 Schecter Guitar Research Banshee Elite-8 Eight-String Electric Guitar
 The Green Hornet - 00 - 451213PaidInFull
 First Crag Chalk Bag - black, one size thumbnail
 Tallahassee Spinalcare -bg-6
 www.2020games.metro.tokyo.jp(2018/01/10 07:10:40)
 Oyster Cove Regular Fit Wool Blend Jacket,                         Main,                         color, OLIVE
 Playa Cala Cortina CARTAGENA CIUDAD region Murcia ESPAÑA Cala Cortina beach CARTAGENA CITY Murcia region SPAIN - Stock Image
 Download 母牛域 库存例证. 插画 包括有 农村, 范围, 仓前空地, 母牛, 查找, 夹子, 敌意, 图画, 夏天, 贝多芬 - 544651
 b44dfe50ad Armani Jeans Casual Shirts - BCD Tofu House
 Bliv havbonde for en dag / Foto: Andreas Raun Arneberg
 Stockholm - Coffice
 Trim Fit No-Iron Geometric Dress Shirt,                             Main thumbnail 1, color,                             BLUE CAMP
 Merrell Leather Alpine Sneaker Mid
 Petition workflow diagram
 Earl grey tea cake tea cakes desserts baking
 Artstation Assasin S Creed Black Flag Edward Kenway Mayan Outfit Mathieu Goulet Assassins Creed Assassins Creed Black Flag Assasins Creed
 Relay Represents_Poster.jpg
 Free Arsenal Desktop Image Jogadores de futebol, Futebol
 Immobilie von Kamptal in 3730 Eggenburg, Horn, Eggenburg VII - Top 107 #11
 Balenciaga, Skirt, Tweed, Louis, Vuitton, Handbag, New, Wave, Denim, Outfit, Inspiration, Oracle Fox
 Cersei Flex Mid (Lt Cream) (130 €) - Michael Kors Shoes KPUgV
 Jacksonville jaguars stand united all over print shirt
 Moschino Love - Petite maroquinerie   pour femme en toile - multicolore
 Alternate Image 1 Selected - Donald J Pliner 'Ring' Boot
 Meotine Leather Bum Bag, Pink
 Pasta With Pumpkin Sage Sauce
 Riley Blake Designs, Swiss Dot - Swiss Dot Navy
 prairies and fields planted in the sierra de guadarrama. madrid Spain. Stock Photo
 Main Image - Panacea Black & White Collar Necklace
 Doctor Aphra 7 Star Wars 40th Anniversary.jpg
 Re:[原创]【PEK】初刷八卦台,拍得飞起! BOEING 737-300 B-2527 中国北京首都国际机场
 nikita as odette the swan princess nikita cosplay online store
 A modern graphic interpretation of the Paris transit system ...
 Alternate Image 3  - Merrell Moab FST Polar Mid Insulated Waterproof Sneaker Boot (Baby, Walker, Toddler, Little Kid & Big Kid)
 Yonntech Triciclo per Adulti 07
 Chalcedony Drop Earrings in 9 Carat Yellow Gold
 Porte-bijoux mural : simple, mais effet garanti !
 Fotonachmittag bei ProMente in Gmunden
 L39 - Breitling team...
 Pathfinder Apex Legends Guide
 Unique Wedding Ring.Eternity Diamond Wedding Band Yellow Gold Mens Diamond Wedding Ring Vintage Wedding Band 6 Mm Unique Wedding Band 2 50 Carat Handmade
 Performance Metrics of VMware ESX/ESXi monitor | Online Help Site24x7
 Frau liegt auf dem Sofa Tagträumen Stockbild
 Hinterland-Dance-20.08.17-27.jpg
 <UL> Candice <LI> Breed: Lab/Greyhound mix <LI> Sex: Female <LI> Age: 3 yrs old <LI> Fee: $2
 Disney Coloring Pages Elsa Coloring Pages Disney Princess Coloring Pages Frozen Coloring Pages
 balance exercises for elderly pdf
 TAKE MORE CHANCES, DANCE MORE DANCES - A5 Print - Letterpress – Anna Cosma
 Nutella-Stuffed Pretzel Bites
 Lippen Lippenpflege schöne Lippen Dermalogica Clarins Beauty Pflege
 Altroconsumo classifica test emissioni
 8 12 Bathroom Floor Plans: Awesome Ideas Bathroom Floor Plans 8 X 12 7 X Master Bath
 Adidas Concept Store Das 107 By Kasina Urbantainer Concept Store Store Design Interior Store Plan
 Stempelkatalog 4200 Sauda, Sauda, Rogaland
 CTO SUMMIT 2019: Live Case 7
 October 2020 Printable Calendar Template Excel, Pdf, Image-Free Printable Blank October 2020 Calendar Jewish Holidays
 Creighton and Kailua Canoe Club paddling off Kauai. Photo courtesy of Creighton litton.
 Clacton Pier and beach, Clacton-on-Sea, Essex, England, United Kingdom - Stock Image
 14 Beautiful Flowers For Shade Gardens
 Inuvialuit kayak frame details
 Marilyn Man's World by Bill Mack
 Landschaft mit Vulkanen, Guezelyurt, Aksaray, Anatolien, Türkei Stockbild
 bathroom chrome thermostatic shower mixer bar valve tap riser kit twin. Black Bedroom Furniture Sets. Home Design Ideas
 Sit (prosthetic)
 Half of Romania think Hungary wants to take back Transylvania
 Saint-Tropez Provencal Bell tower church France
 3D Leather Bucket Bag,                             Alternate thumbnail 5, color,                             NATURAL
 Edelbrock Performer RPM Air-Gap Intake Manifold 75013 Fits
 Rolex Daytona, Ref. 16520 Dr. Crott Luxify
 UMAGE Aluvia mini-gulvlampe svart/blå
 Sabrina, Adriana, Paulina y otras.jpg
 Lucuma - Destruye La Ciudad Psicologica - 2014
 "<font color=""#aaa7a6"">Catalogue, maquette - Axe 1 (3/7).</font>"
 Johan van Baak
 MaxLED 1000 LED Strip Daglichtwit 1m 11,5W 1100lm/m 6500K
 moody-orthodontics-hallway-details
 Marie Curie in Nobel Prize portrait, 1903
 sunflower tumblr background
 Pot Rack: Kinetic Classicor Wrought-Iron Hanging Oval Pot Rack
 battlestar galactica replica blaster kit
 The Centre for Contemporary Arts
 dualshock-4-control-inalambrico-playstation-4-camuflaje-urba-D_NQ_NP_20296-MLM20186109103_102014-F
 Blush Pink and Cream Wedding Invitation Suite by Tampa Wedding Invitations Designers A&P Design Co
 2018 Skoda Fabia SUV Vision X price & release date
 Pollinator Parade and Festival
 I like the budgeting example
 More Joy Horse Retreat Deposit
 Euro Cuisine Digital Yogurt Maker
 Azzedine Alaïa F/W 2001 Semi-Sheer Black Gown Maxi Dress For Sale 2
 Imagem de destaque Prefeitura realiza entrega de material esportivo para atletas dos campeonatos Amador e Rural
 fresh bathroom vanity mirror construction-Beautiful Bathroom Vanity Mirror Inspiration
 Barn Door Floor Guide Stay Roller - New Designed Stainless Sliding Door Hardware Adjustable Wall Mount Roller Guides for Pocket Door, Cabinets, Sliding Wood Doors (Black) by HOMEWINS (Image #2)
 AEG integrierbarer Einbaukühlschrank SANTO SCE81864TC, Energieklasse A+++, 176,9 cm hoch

- **Assignment**: Write out exactly the lines above between the line with "Altroconsumo classifica test emissioni" and the line with "Landschaft mit Vulkanen, Guezelyurt, Aksaray, Anatolien, Türkei", inclusive, and nothing beyond them.

- **Task response**:
 Altroconsumo classifica test emissioni
 8 12 Bathroom Floor Plans: Awesome Ideas Bathroom Floor Plans 8 X 12 7 X Master Bath
 Adidas Concept Store Das 107 By Kasina Urbantainer Concept Store Store Design Interior Store Plan
 Stempelkatalog 4200 Sauda, Sauda, Rogaland
 CTO SUMMIT 2019: Live Case 7
 October 2020 Printable Calendar Template Excel, Pdf, Image-Free Printable Blank October 2020 Calendar Jewish Holidays
 Creighton and Kailua Canoe Club paddling off Kauai. Photo courtesy of Creighton litton.
 Clacton Pier and beach, Clacton-on-Sea, Essex, England, United Kingdom - Stock Image
 14 Beautiful Flowers For Shade Gardens
 Inuvialuit kayak frame details
 Marilyn Man's World by Bill Mack
 Landschaft mit Vulkanen, Guezelyurt, Aksaray, Anatolien, Türkei Stockbild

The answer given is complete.